As well as arguing against the UCP’s intervention, the federal government took issue with a handful of other would-be interveners. It argued against the admissibility of some portions of submissions from the Canadian Taxpayers Federation and the Assembly of First Nations, and that the Agricultural Producers Association of Saskatchewan should be refused status unless its arguments were “relevant to the legal issues.”
But it has no objection to applications to intervene from eight other organizations, including the David Suzuki Foundation, the Canada Ecofiscal Commission and the Athabasca Chipewyan First Nation, all expected to support the federal position. The federal government also did not challenge applications from the Saskatchewan Power Corporation and SaskEnergy Inc., both Saskatchewan Crown corporations seeking to intervene in support of the province.
“It’s telling that the Trudeau government is happy with foreign-funded groups … fighting for a carbon tax in Canadian courts, but not the Official Opposition in Alberta that represents a significant number of Albertans,” said UCP leader Jason Kenney in a statement.
In an emailed statement, Caroline Thériault, a spokeswoman with Environment Canada, said the government’s position was based upon the “legal rules for intervener application in reference cases.”
“It’s disappointing to see Conservative politicians across the country using taxpayer money and resources to oppose serious action on climate change,” she wrote.
Saskatchewan contends it is not constitutional for Ottawa to impose a carbon tax on provinces and territories that don’t implement carbon-pricing programs of their own, or that adopt programs the federal government considers inadequate. The Saskatchewan Court of Appeal will hear its case in February 2019. The UCP filed documents with the court last week claiming the party had a unique legal argument that it should get to present as an intervener.
In seeking leave to intervene — interveners raise issues to help courts decide cases, though they’re not direct parties to the court case — lawyers for the UCP argued that to allow the carbon tax would “upset the balance of federalism and the separation of powers between the federal and provincial governments in a manner that is detrimental to provincial efforts to develop policy solutions that are particular and unique to the individual provinces.”
The provinces and territories where the federal carbon tax looks likely to apply beginning in 2019 include Ontario, Manitoba, Saskatchewan, New Brunswick, Yukon and Nunavut. Alberta has a carbon tax at present, put in place by Premier Rachel Notley’s NDP government, but the UCP — which could take over after next spring’s election — has vowed to cancel it and fight the federal government tooth and nail should it impose one on Alberta.
Notley’s government, however, pulled out of the federal carbon plan on Aug. 31 over delays to the Trans Mountain pipeline expansion; the federal tax would likely have replaced the provincial one in 2021. Asked for comment Wednesday on the federal government’s filing, the Alberta government did not respond directly, instead offering a statement that “there is no national climate plan without Alberta.”
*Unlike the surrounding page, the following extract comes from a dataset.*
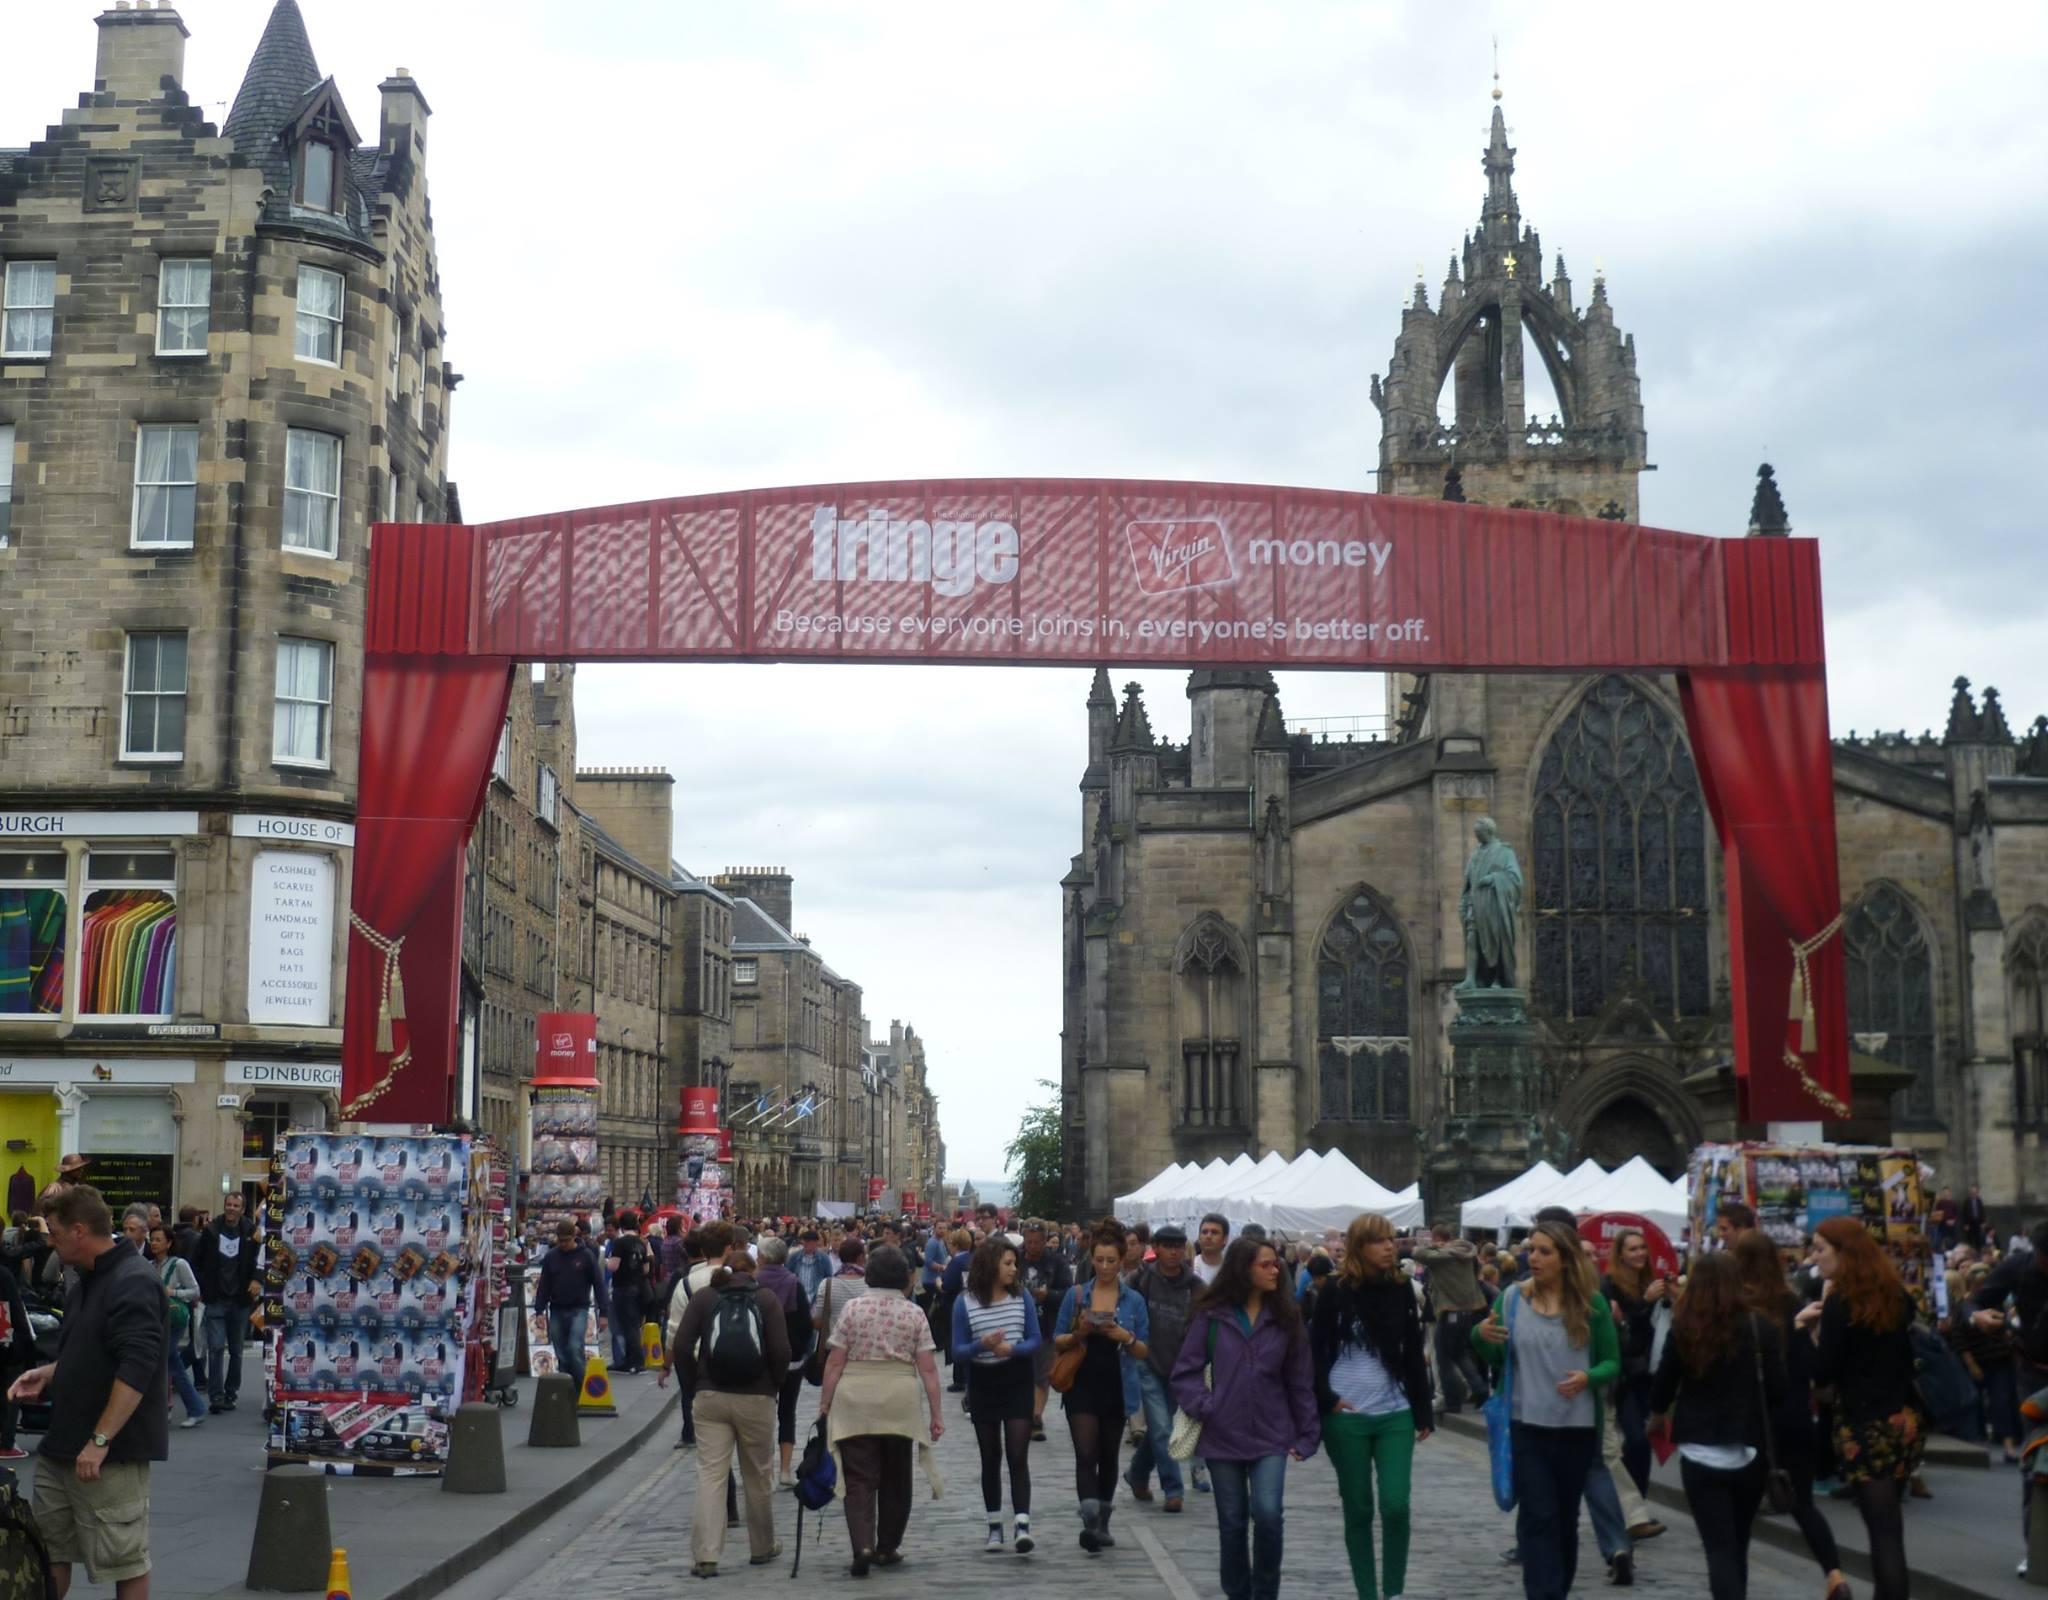 Oxford's summer at the Edinburgh Fringe

The federal government’s filing also declares its opposition to the Canadian Taxpayers Federation’s request to file affidavit evidence. “It is inadmissible opinion evidence from an affiant that has not established any special expertise in general economics or the economics of carbon pricing,” the Department of Justice argued. It does not, however, oppose more generally the CTF’s application to intervene.
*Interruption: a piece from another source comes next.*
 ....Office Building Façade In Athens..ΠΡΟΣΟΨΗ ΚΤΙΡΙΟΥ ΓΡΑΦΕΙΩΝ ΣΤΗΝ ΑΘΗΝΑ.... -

Aaron Wudrick, the federal director of the CTF, said “we’re not surprised” that an intervener opposing one side would get pushback.
“It also suggests that they’re aware that we’ve been fairly effective politically fighting their carbon tax and they simply want to throw up as many roadblocks as they can to help with the legal fight,” Wudrick said Wednesday.
Ottawa’s opposes submissions from the Agricultural Producers Association of Saskatchewan because, it said, they don’t address the legal questions. The association’s president, Todd Lewis, said they wanted to raise issues about agriculture being affected by the carbon tax. “It’s just a puzzling situation, why they would not even want us in the room.”
The federal government filing also took issue with submissions from the Assembly of First Nations, saying they do not address the constitutional issues before the court.
The court will hear the applications to intervene on Dec. 12.